# Current regulator using NOT gate

I think I have designed a current regulator. This is the circuit diagram:

simulate this circuit – Schematic created using CircuitLab

The operation is very simple. Let's say the transistor turns on at a voltage Vo.

For 0<V1<Vo if we increase V1 a little bit according to Ohm's law the current in the overall current will be increased but the current going through the transistor will be increased as well (a little bit) and according to KCL the current through RL will remain costant.

The bigger the value of RL, the better it works. Also the more heavily doped the transistor the better it works.

However if V1>Vo the transistor becomes almost a short circuit and current through RL goes to 0. That's why I need transistors with on voltage somewhat bigger than 0.7 (2.5V would be okay) in order for this current regulator to have a practical voltage range of operations. Where can I find these transistors?

Where can I find transistors with on voltage > 0.7V?

• The two legs are in parallel so the current in one is independent of the current in the other. The current in one leg is the same, regardless of what is going on in the other leg, if it is even there at all. – DKNguyen Jul 19 '20 at 5:07
• There's no regulation, current or voltage. Your source voltage is always directly applied to the load. So the load always experiences the current determined by the source voltage divided by the load resistance. Assuming your source voltage approximates an ideal source, anyway. – jonk Jul 19 '20 at 5:07

simulate this circuit – Schematic created using CircuitLab

Figure 1. OP's circuit redrawn in conventional layout. (Current flow from top to bottom of schematic.)

I think I have designed a current regulator.

If your voltage source is a true constant voltage source then you haven't.
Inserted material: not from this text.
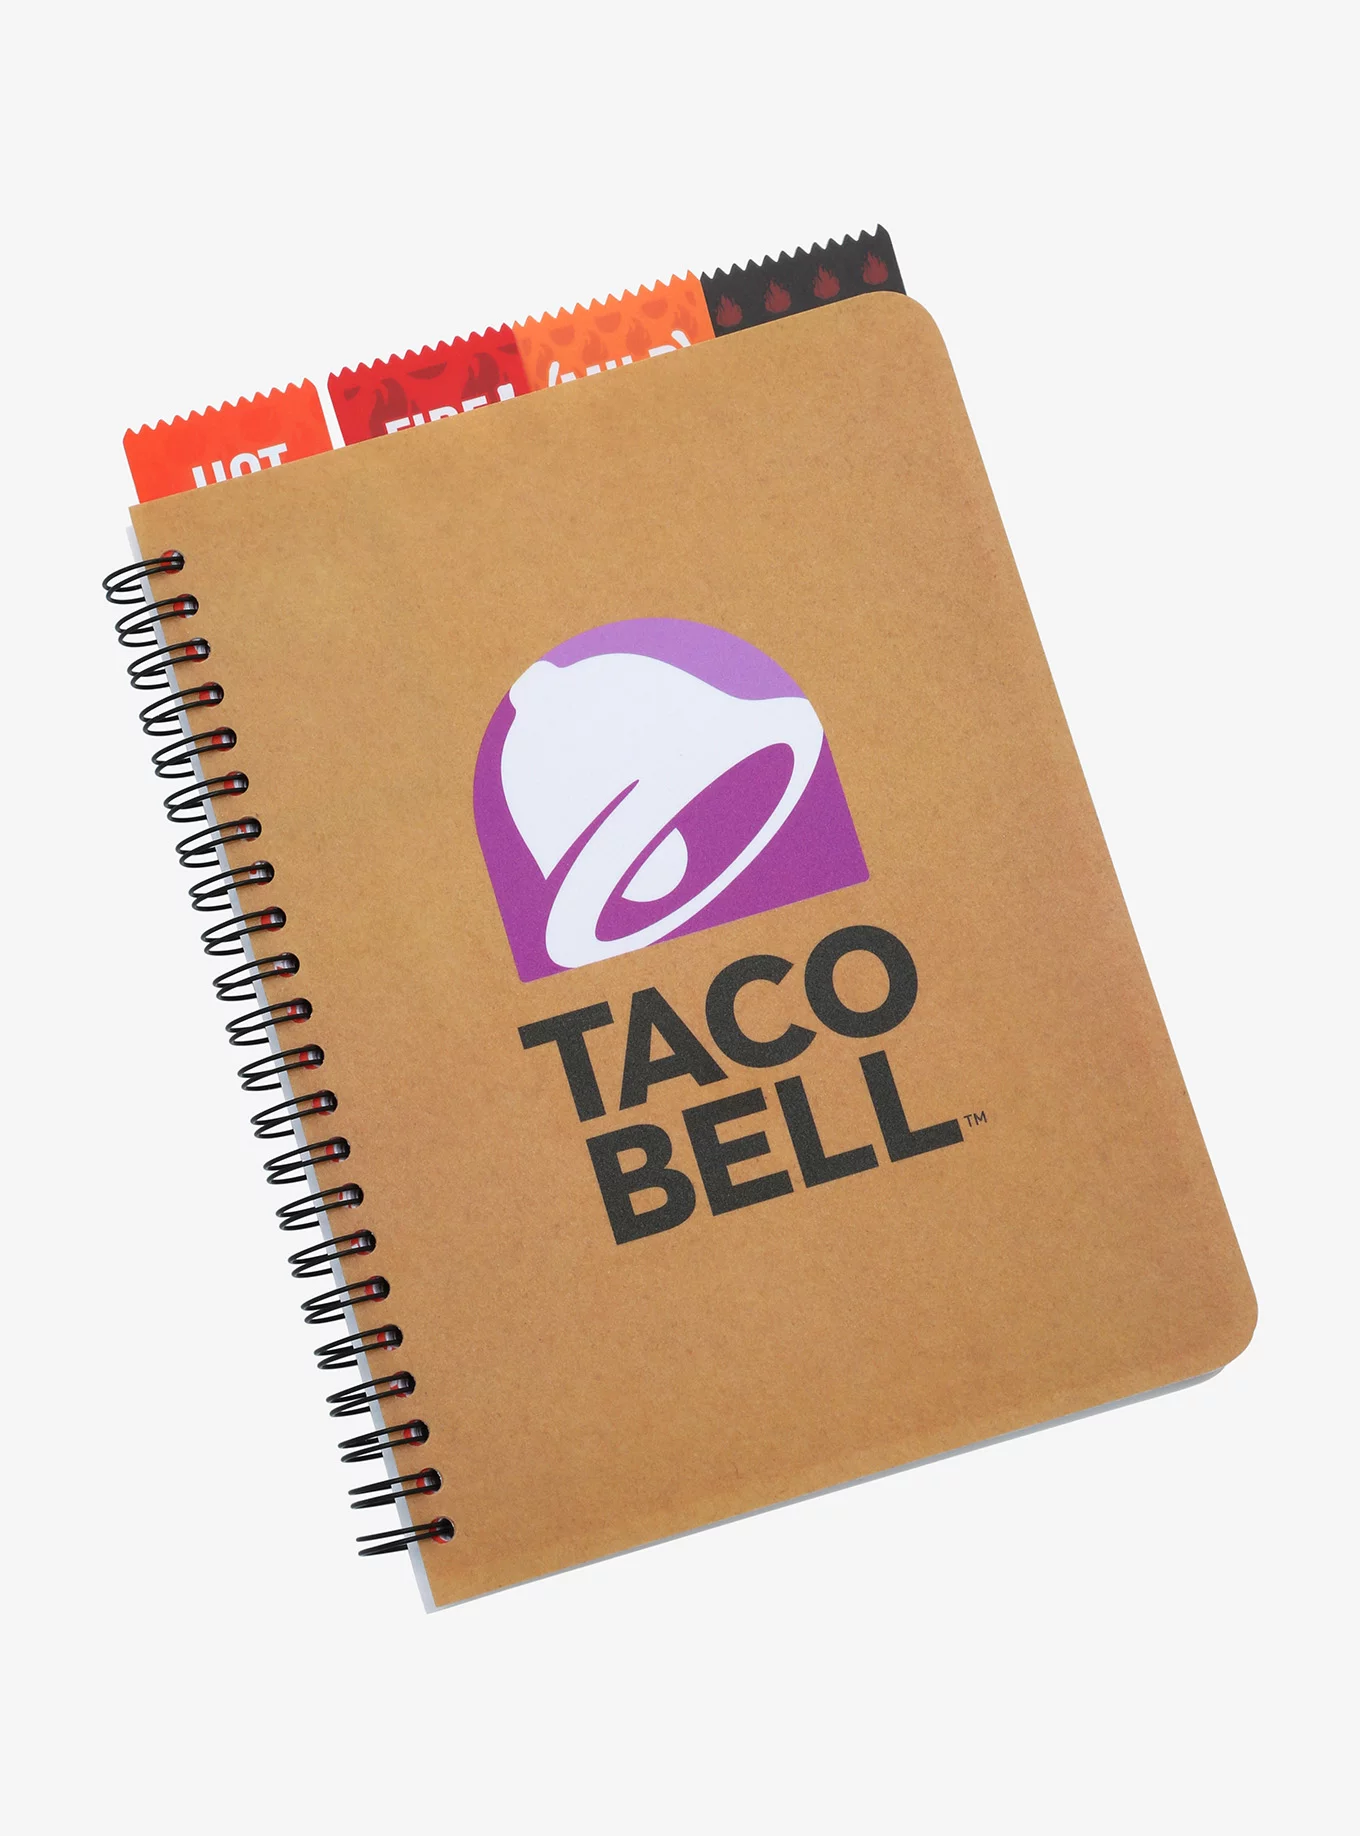 notebook with cardboard like cover that says taco bell with logo and hot sauce packet tabs poking out the top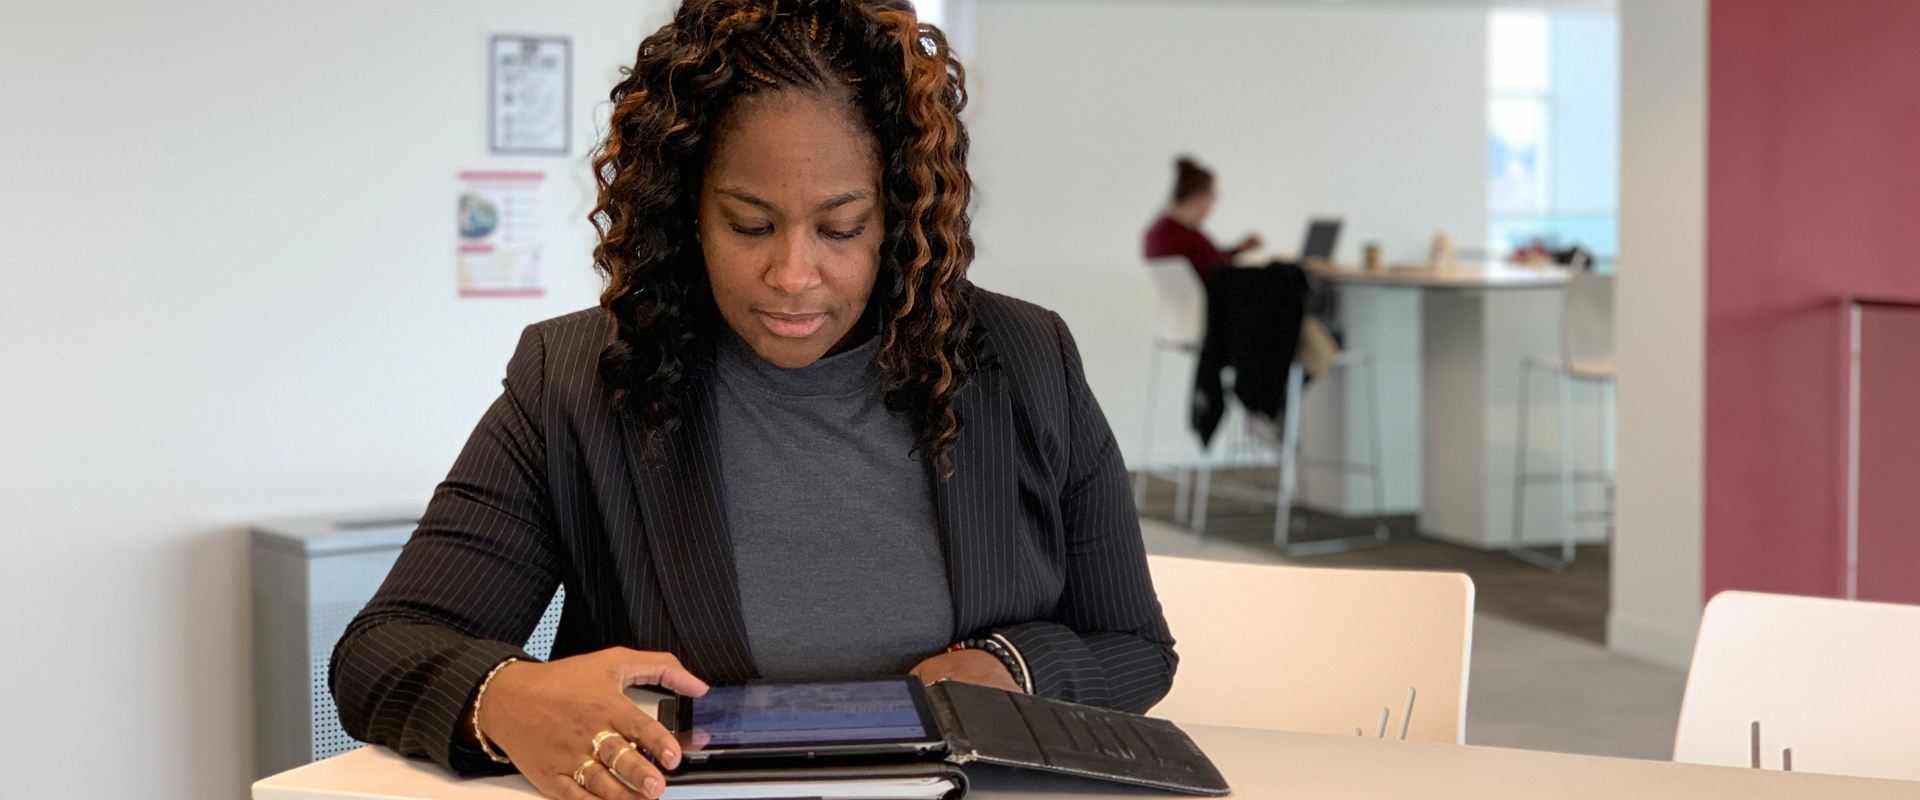 Business woman working on a tablet

The current through RL will be V1/RL no matter what Q1 is doing.

You may be confusing your invention with a shunt regulator.

Figure 2. A shunt regulator block diagram. Source: Electronics Notes

The shunt regulator or shunt voltage regulator is a form of voltage regulator where the regulating element shunts the current to ground.

The shunt regulator operates by maintaining a constant voltage across its terminals and it takes up the surplus current to maintain the voltage across the load.

Source: Electronics Notes

The classic Zener-diode + resistor is one form of shunt regulator but note that it relies on the series resistance. Without that your circuit does nothing but waste energy and, probably, burn out transistors.

Your question title refers to a "NOT gate" and you have tagged the post as "digital logic" and "constant-current". Is is none of these.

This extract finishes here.